To expand slightly on what Andre said:

稍微扩展安德烈所说的话:

Since the ObjectID timestamp is only to the second, two (or more) ObjectIDs could easily be created with the same value for the timestamp (the first 4 bytes). If these were created on the same machine (machine ID - the next 3 bytes), by the same process (PID - the next 2 bytes), then the only thing to differentiate them would be the "inc" field, the last 3 bytes at the end.
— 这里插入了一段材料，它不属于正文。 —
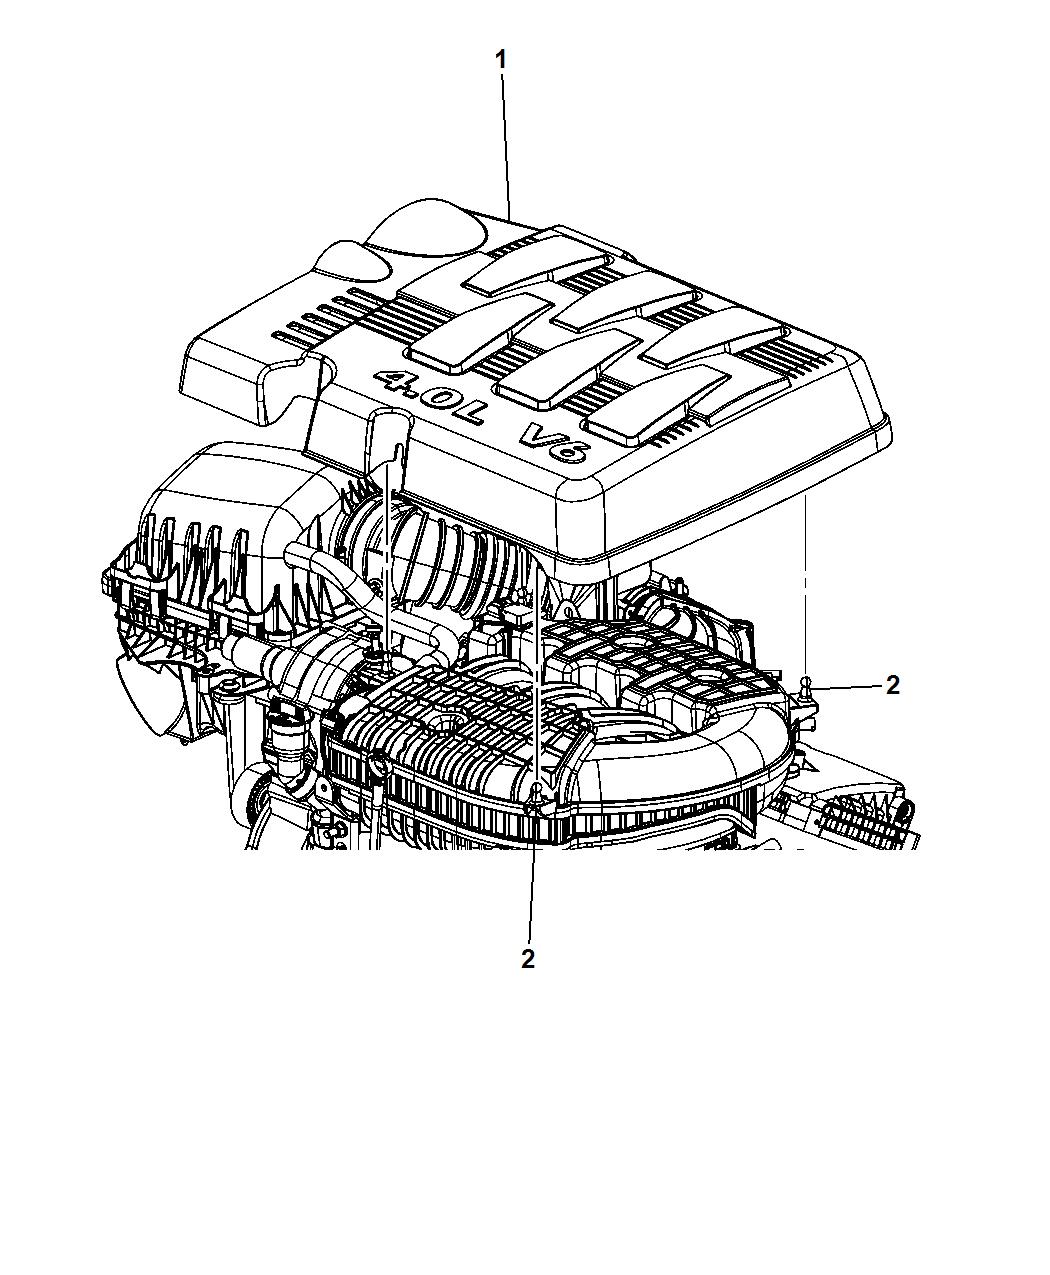 [WLLP_2054]   TD_6079] 2008 Chrysler Town And Country Engine Diagram Schematic Wiring | 2010 Chrysler Engine Diagram |  | Inama Eopsy Ynthe Arivo Bepta Mohammedshrine Librar Wiring 101

由于 ObjectID 时间戳仅到第二个,因此可以使用相同的时间戳值(前 4 个字节)轻松创建两个(或更多)ObjectID。如果这些是在同一台机器上创建的(机器 ID - 接下来的 3 个字节),由相同的进程(PID - 接下来的 2 个字节)创建,那么唯一可以区分它们的是“inc”字段,最后 3 个字节在末尾。

Update: Jan 2020

更新:2020 年 1 月

This answer continues to be popular so it is worth updating a little. The ObjectID spec has evolved since this answer was written 8 years ago and the 5 bytes after the timestamp are now simply random, which will greatly decrease the likelihood of any collisions. The last three bytes are still incremental, but initialised at a random value to start, again making collisions less likely. The ObjectID now contains less context (you can't easily tell where it was generated and by what process) but I would guess that the information was not being used in any meaningful way and has been deprecated in favor of better randomisation of the ID.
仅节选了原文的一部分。